Crowded federal, state races

The East Cobb area will be represented in the U.S. House in two seats following reapportionment.

In District 11, GOP incumbent Barry Loudermilk has qualified, and he will have a Democratic foe in the fall.

The redrawn District 6 includes much of East Cobb and stretches into North Fulton, Forsyth and Dawson counties.

The Republican field has nine candidates who have qualified:

  • Jake Evans, attorney
  • Byron Gatewood, self-employed
  • Megan Hanson, attorney
  • Blake Harbin, business owner
  • Rich McCormick, emergency room physician
  • Paulette Smith, retired business executive
  • Mallory Staples, former teacher, homeschooler and small business owner
  • Suzi Voyles, consultant
  • Eugene Yu, retired

    U.S. Sen. Raphael Warnock

The two Democrats running in the 6th District are business owner Bob Christian and international development consultant Wayne White.
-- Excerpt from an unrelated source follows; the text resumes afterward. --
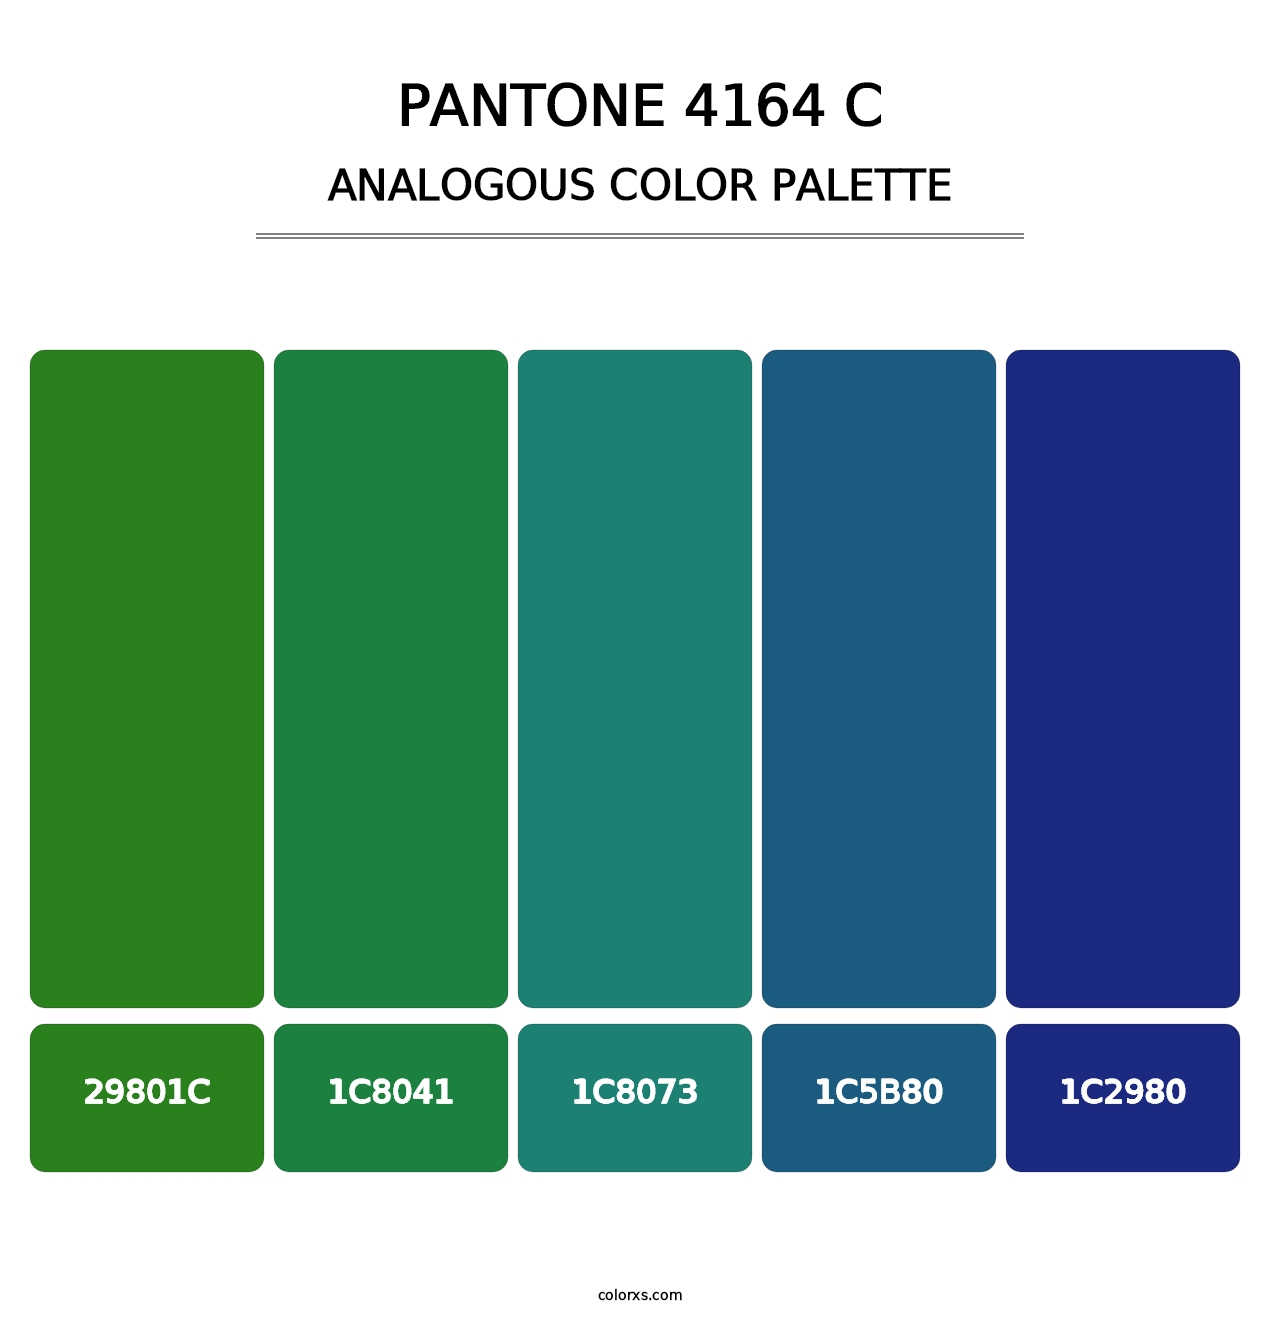 PANTONE 4164 C - Analogous Color Palette

U.S. Sen. Raphael Warnock, who was elected in 2020 to fill the remaining two years of the late Johnny Isakson’s term, will be seeking a six-year term. He has an opponent in the Democratic primary, and five Republicans also are running.

They include current Georgia Agriculture Commissioner Gary Black and former UGA football great Herschel Walker.

Gov. Brian Kemp qualified for re-election Thursday in the Republican primary, which includes former U.S. Sen David Perdue and two others.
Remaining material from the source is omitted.